Judge Pushes Burden Of Proof Back On DEA Agents Who Seized $11,000 From Traveling College Student
from the recreational-drug-use-is-not-the-same-thing-as-drug-trafficking dept
This could be fun.
Last February, DEA agents took $11,000 from college student Charles Clarke. The funds were to be used to continue his education. The DEA, however, had other plans for the money.
Deciding that Clarke’s one-way ticket, odor of marijuana smoke and the inability to instantly prove all of the $11,000 was obtained legitimately, the DEA seized it. Good thing it did, considering there were 13 law enforcement agencies expecting a percentage of the take.
Clarke was initially charged with assault because he struggled to prevent DEA agents from separating him from the cash he says he spent five years saving. That charge was dropped. No other charges were brought. No contraband or weapons were found on his person.
In asset forfeiture cases, those whose property has been seized by the government must challenge the seizure and provide proof of its legitimate origin. All the government has to do to keep the money is wait the challenge out. In a large percentage of cases, the seizure is never contested. The government has unlimited resources. Those challenging forfeitures do not. In fact, they have even less to work with, thanks to the government’s prior actions, and fighting seizures can be incredibly expensive.
Clarke’s lawyers asked for documents from the government with the intent to prove there are constitutional problems with the practice and that it gives police a profit-driven motive to seize property and funds.
The U.S. attorneys were not able to give all the documents to Clarke’s team and so they took the issue up with Judge Bertelsman. He decide to split the case into two parts:
First; the U.S. attorneys have to prove they have grounds to keep Clarke’s money. I.e., they have to prove that Clarke made the money from drug dealing.
Second; if the government proves the money came from drugs, Clarke’s team will have to argue against the issue of civil asset forfeiture itself. I.e., arguing that the practice is profit-driven or worse.
The burden of proof has been shifted back to where it always should have been, especially when seizures continue without accompanying criminal charges. The government can no longer simply claim Clarke’s ticket, odor and lack of receipts are indicative of illegal activity. It has been ordered to show its work. This will be difficult because, given the lack of charges against Clarke, it most likely has nothing to present to the judge in the way of evidence.
If it somehow manages to round up some evidence proving its “guilty money” theory, it’s still not in the clear. It will then have to defend the idea of civil asset forfeiture if Clarke’s lawyers sufficiently demonstrate to the court the program’s nasty side effects.

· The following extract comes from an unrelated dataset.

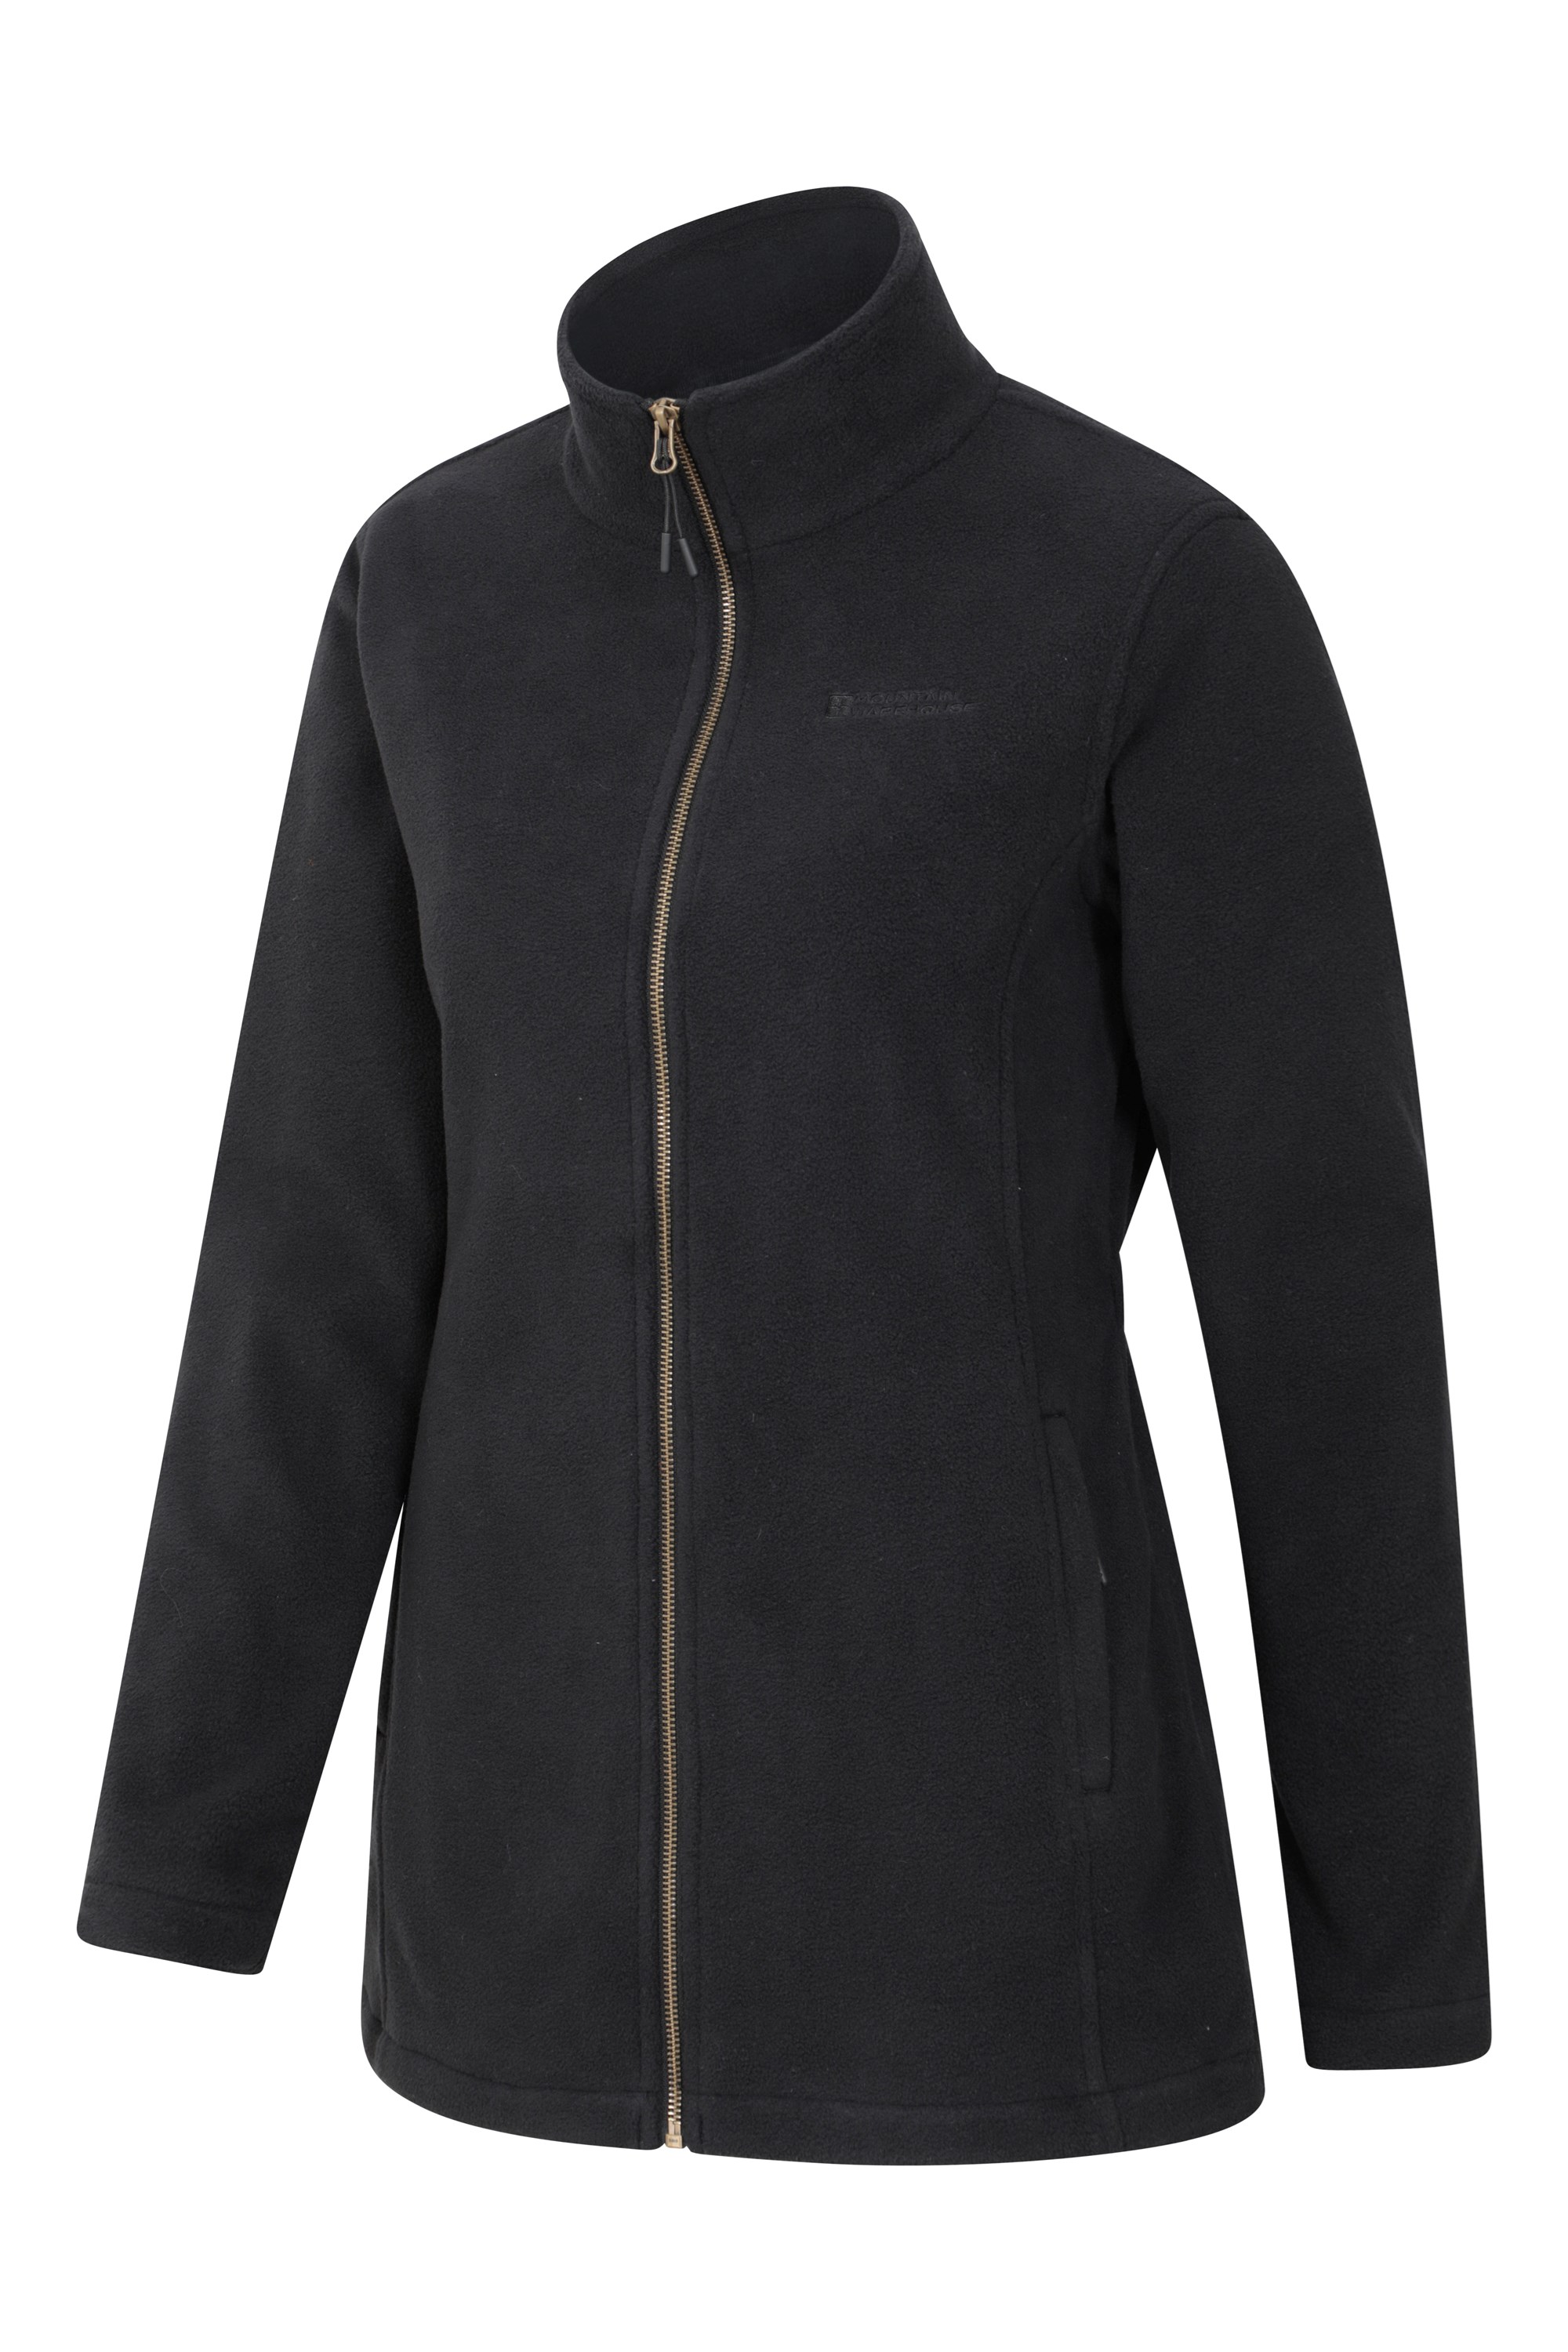 Mountain Warehouse Birch Womens Longline Fleece Jacket - Full-zip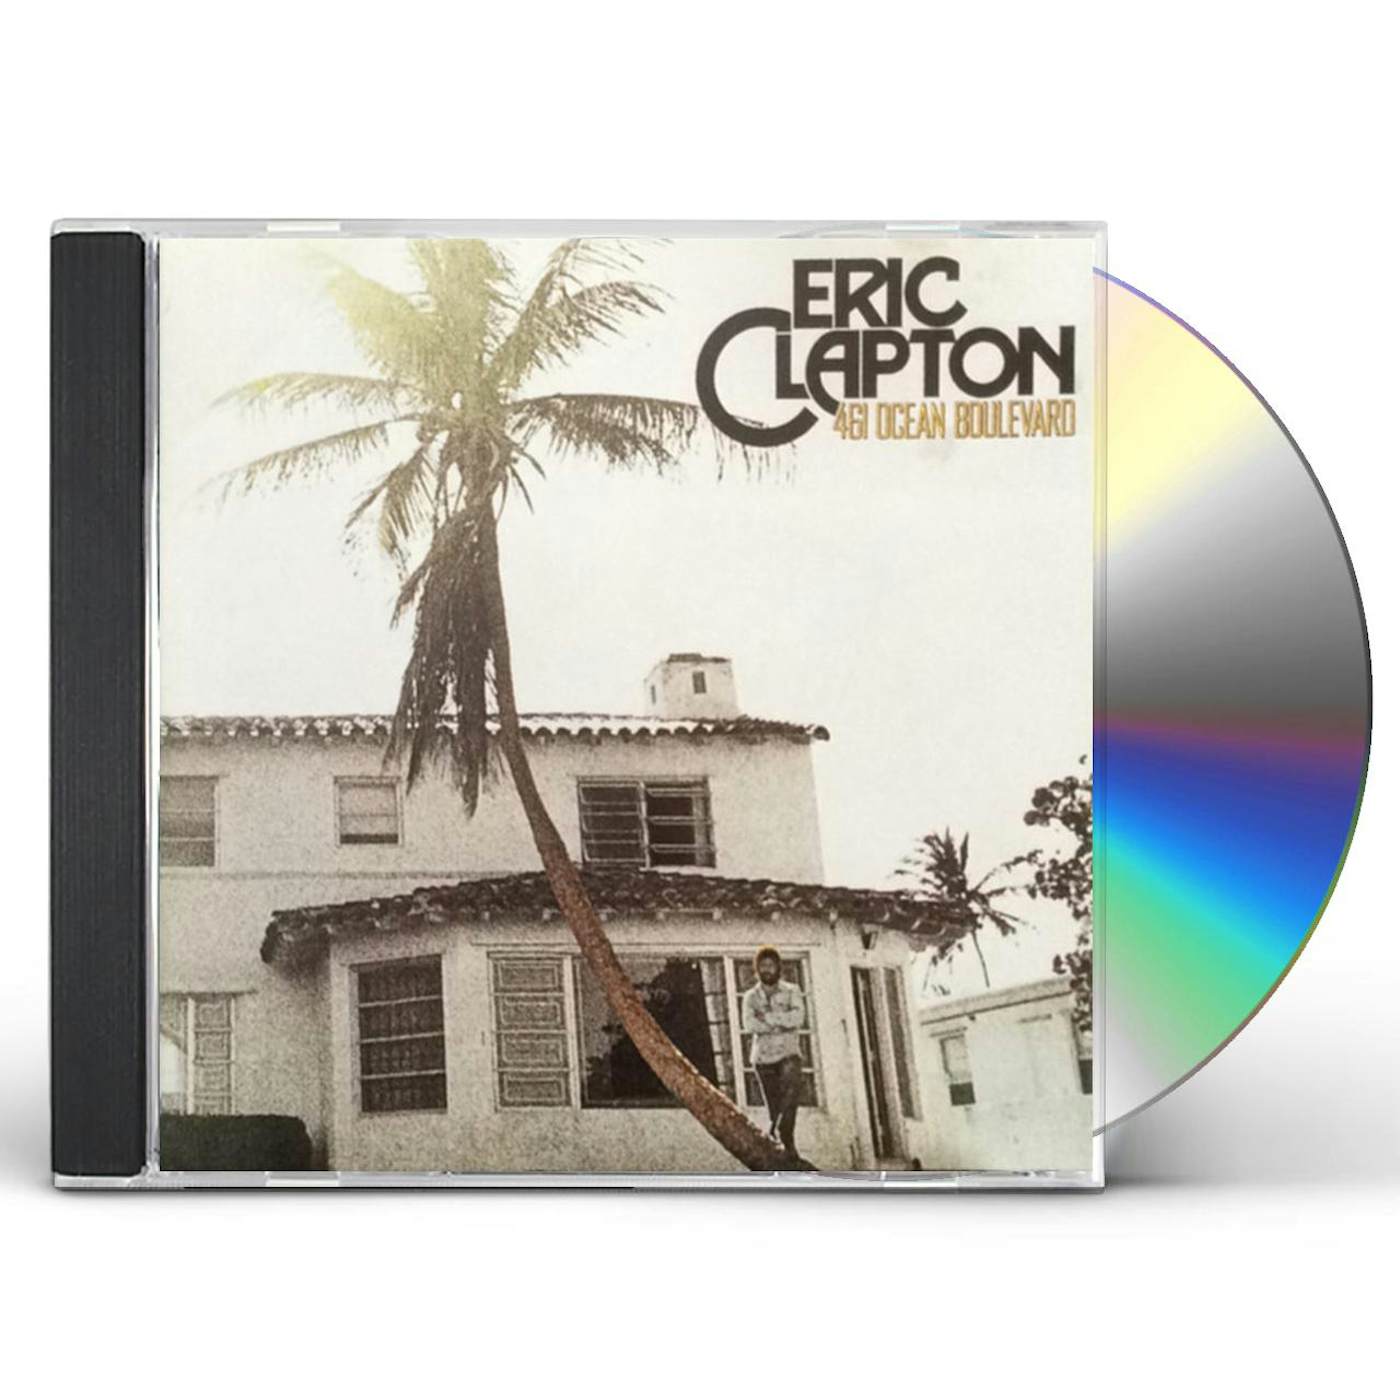 Eric Clapton 461 OCEAN BOULEVARD CD

But it’s the first part that’s the most important. Given the fact that government agencies can seize property without securing convictions, orders like this one force the government to come up with better evidence than “one-way ticket” or “marijuana odor.” The DEA must now find some way to connect the money it took to criminal activity, something agencies that participate in forfeiture programs don’t have much experience in doing.